A question to that effect is to be put to him in a statement under Section 313 of the Code of Criminal Procedure. The possessor may be in a position to explain from whom he got the possession of the goods, but the burden to explain the possession beyond doubt is not on the accused. The burden to prove dishonest intention to resume or retain is to be proved by the prosecution. 10. In the present case the accused is a police officer. Hence, he accepting car from any person, undoubtedly is against the norms and ethics of public servant, however, that is misconduct violating service rules. This cannot be said that he had knowledge that the car was stolen especially when accused No. 2 is acquitted from the offence of robbery. The knowledge on the part of accused that the property is stolen has a direct nexus with the dishonestly receiving stolen property. The knowledge or his awareness that the property is stolen has to be proved by the prosecution by tendering evidence either documentary, oral or circumstantial. However, in the absence of such evidence, fact of possession alone cannot constitute all the circumstances completing the chain of the evidence.
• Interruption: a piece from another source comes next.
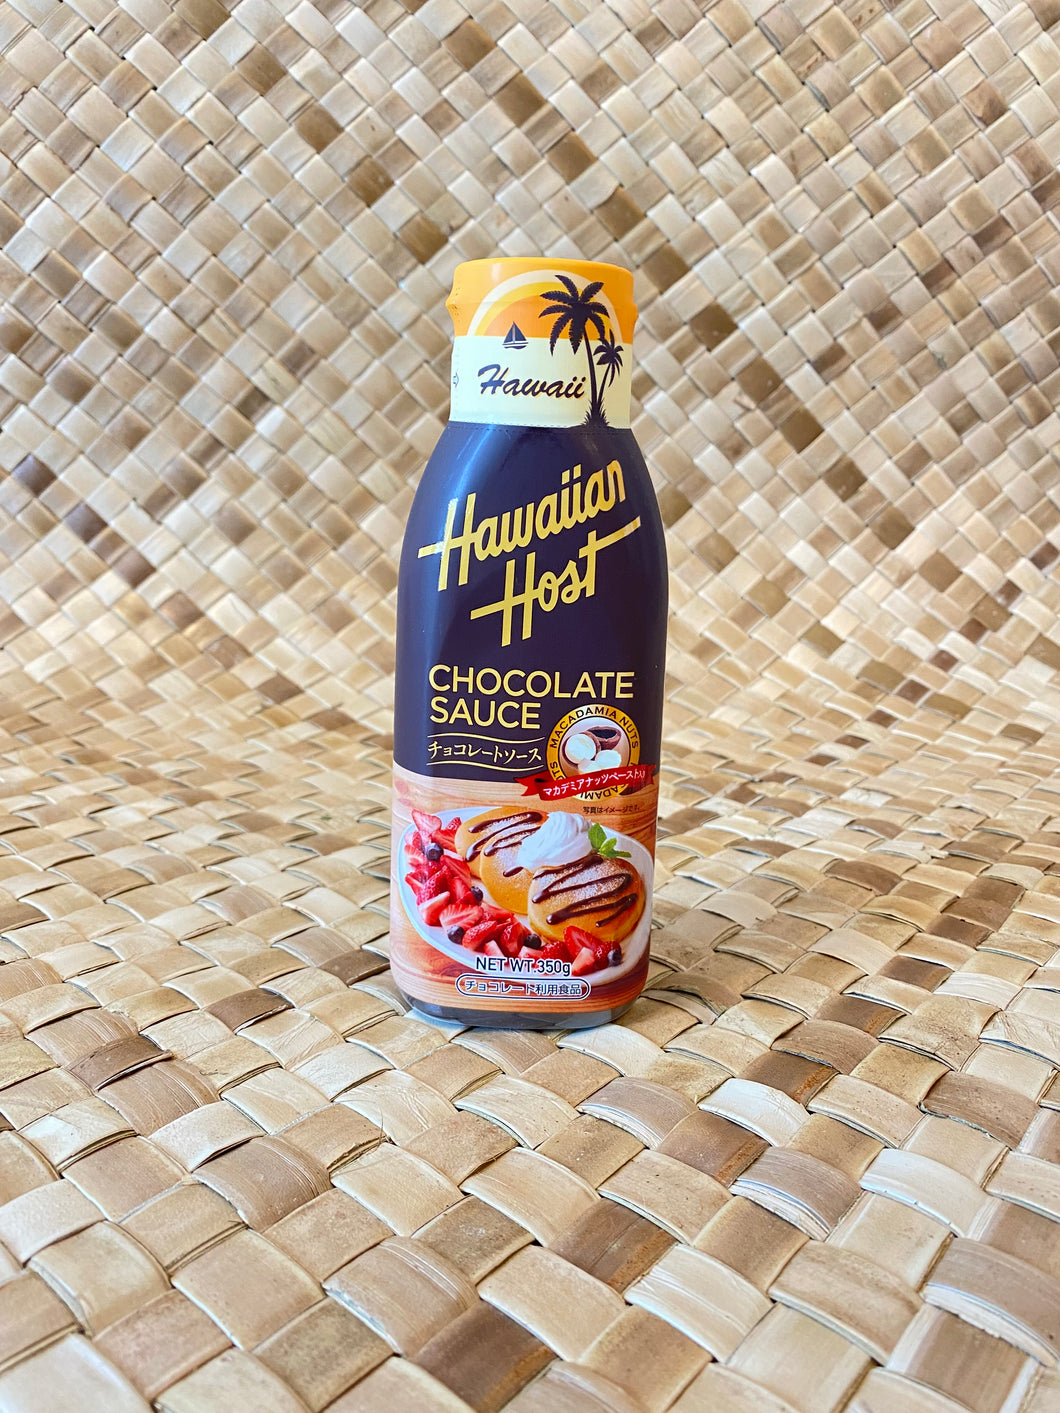 Hawaiian Hostチョコレートソース

This may be a suspicious situation and is helpful to do guess work, but it is unsafe to come to the conclusion of the proof of offence. In the present case in the absence of nexus between the accused and the offence, I am of the view that the learned Judge has committed error in coming to conclusion that offence under Section 411 of the IPC is made out against appellant. In view of above reasons, impugned order dated 13.4.2009, in Sessions Case No. 962, passed by the learned Ad-hoc Additional Sessions Judge, holding the appellant accused guilty under Section 411 of the Indian Penal Code is quashed and set aside and he is acquitted of the said offence. The bail bonds, if any. be cancelled.